Model Selection: text-embedding-3-small is used for embeddings due to its cost-efficiency and performance on general domains. gpt-4o-mini serves as the inference engine for cost-effective generation.
- Cosine Similarity: Implemented directly for transparency, though production systems may offload this to a vector database.
- Context Limiting: The
top_k parameter prevents context window overflow and controls token costs.

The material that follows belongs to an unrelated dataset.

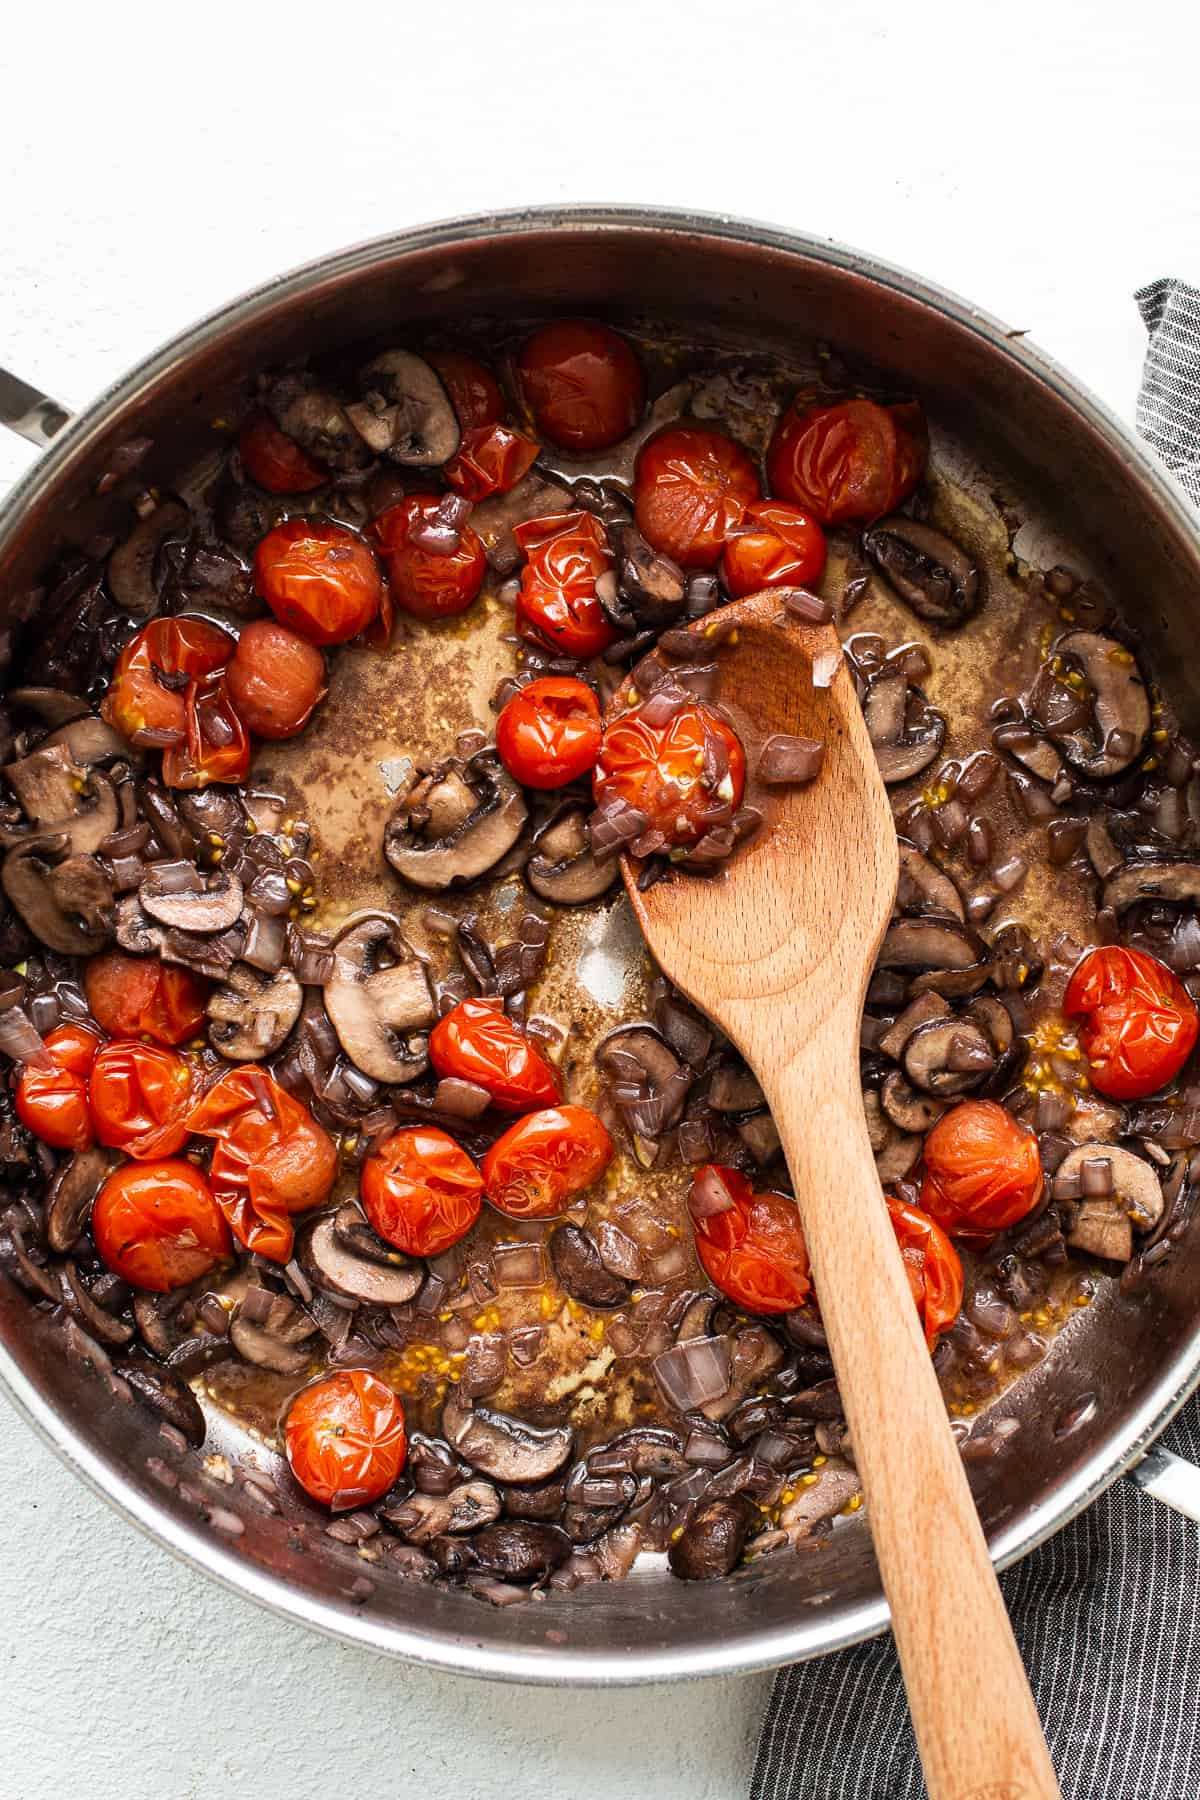 Mushrooms and tomatoes sautéing in a s،et.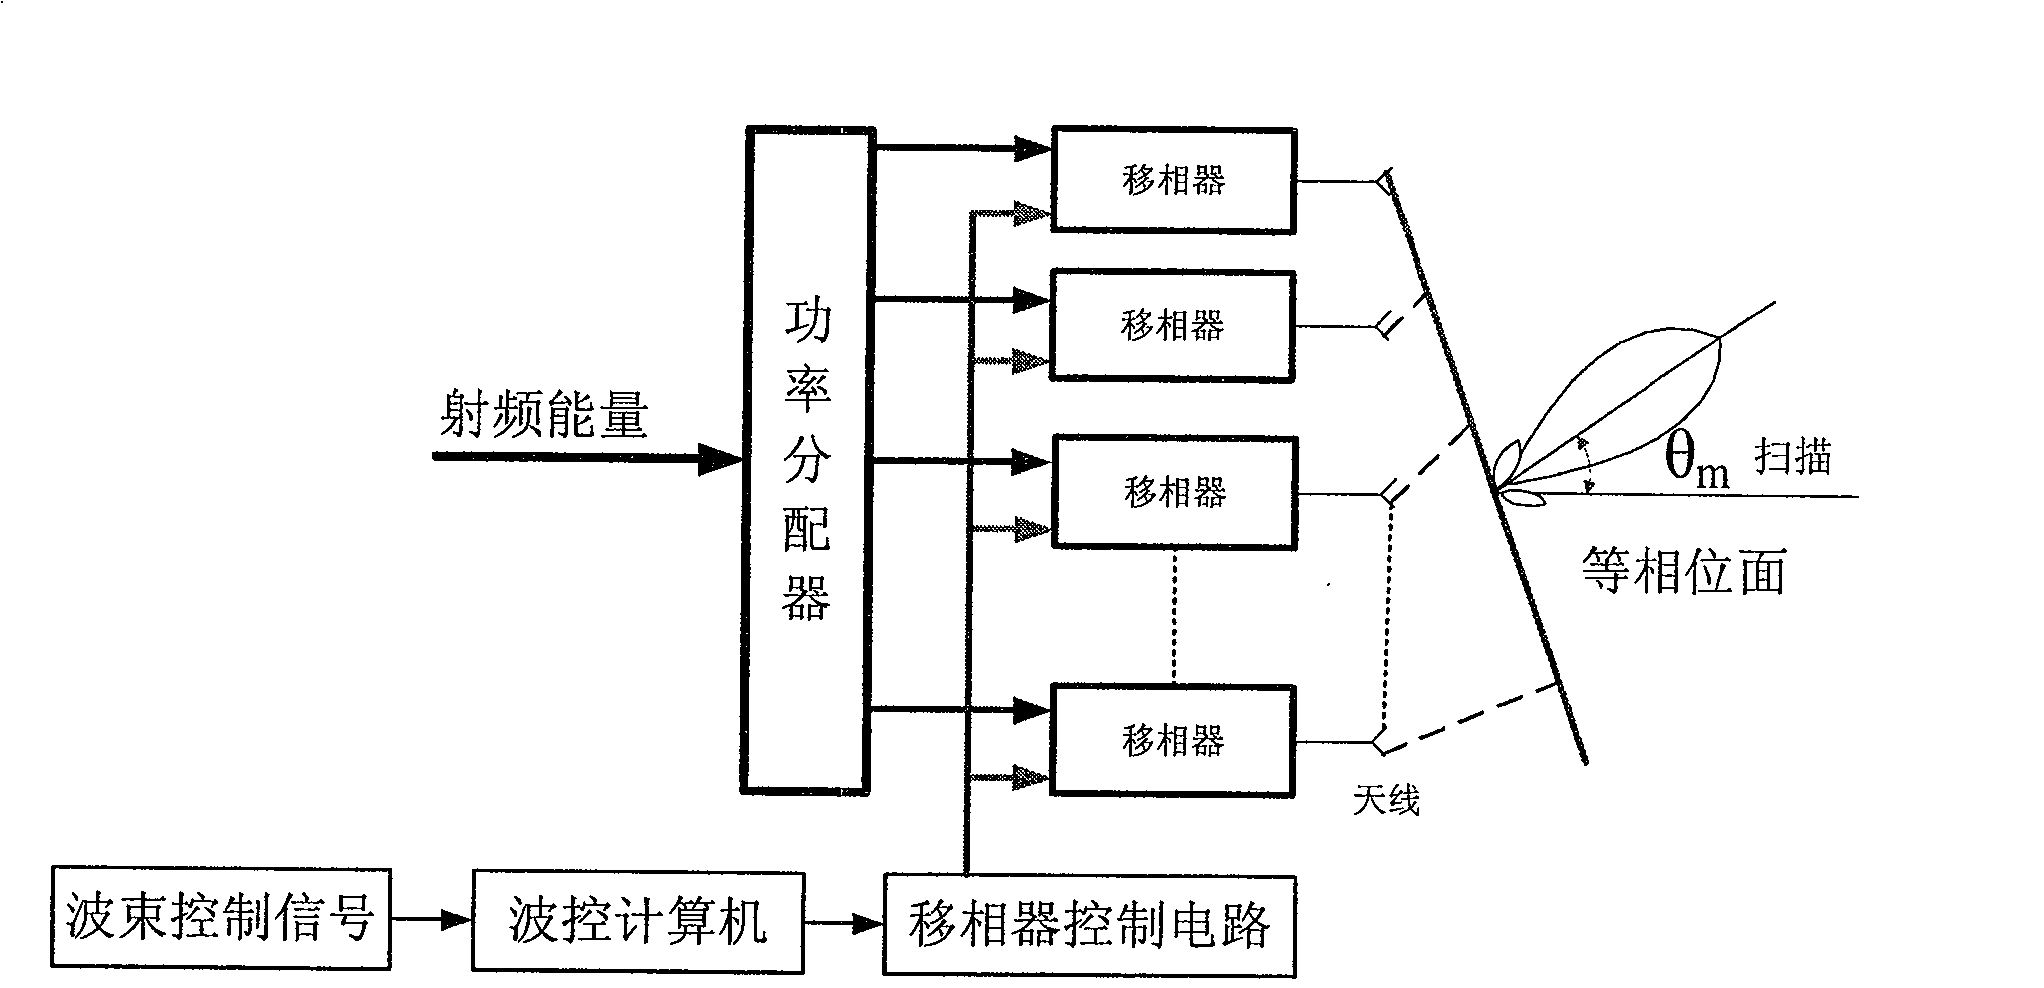 High furnace burden face measurement and control system based on industrial phased array radar

import { OpenAI } from 'openai';
interface Document {
id: string;
content: string;
metadata?: Record<string, string>;
}
interface SearchResult {
score: number;
document: Document;
}
export class KnowledgeRetriever {
private client: OpenAI;
constructor(apiKey: string) {
this.client = new OpenAI({ apiKey });
}
async generateEmbedding(text: string): Promise<number[]> {
const response = await this.client.embeddings.create({
model: 'text-embedding-3-small',
input: text,
});
return response.data[0].embedding;
}
async buildVectorStore(documents: Document[]): Promise<Document[]> {
const enrichedDocs = await Promise.all(
documents.map(async (doc) => ({
...doc,
embedding: await this.generateEmbedding(doc.content),
}))
);
return enrichedDocs;
}
async search(query: string, store: Document[], limit: number = 3): Promise<SearchResult[]> {
const queryVector = await this.generateEmbedding(query);
const scored = store.map((doc) => {
const score = this.cosineSimilarity(queryVector, doc.embedding!);
return { score, document: doc };
});
return scored
.sort((a, b) => b.score - a.score)
.slice(0, limit);
}
private cosineSimilarity(vecA: number[], vecB: number[]): number {
const dotProduct = vecA.reduce((sum, val, i) => sum + val * vecB[i], 0);
const normA = Math.sqrt(vecA.reduce((sum, val) => sum + val * val, 0));
const normB = Math.sqrt(vecB.reduce((sum, val) => sum + val * val, 0));
return dotProduct / (normA * normB);
}
}
// Usage
const retriever = new KnowledgeRetriever(process.env.OPENAI_API_KEY!);
const docs: Document[] = [
{ id: 'reg-1', content: 'NIS2 applies to medium and large entities across 18 sectors.' },
{ id: 'reg-2', content: 'Fines for essential entities can reach €10M or 2% of turnover.' },
];
const store = await retriever.buildVectorStore(docs);
const results = await retriever.search('What are the penalties under NIS2?', store);
// Construct prompt with retrieved context
const contextBlock = results.map((r, i) => `[Source ${i + 1}] ${r.document.content}`).join('\n');
const prompt = `Sources:\n${contextBlock}\n\nQuestion: What are the penalties under NIS2?`;
2. Fine-Tuning Implementation: Behavioral Alignment
Fine-tuning requires rigorous dataset preparation. The following pattern demonstrates how to serialize training data and initiate a job. Note that the inference API remains identical to base models; only the model identifier changes.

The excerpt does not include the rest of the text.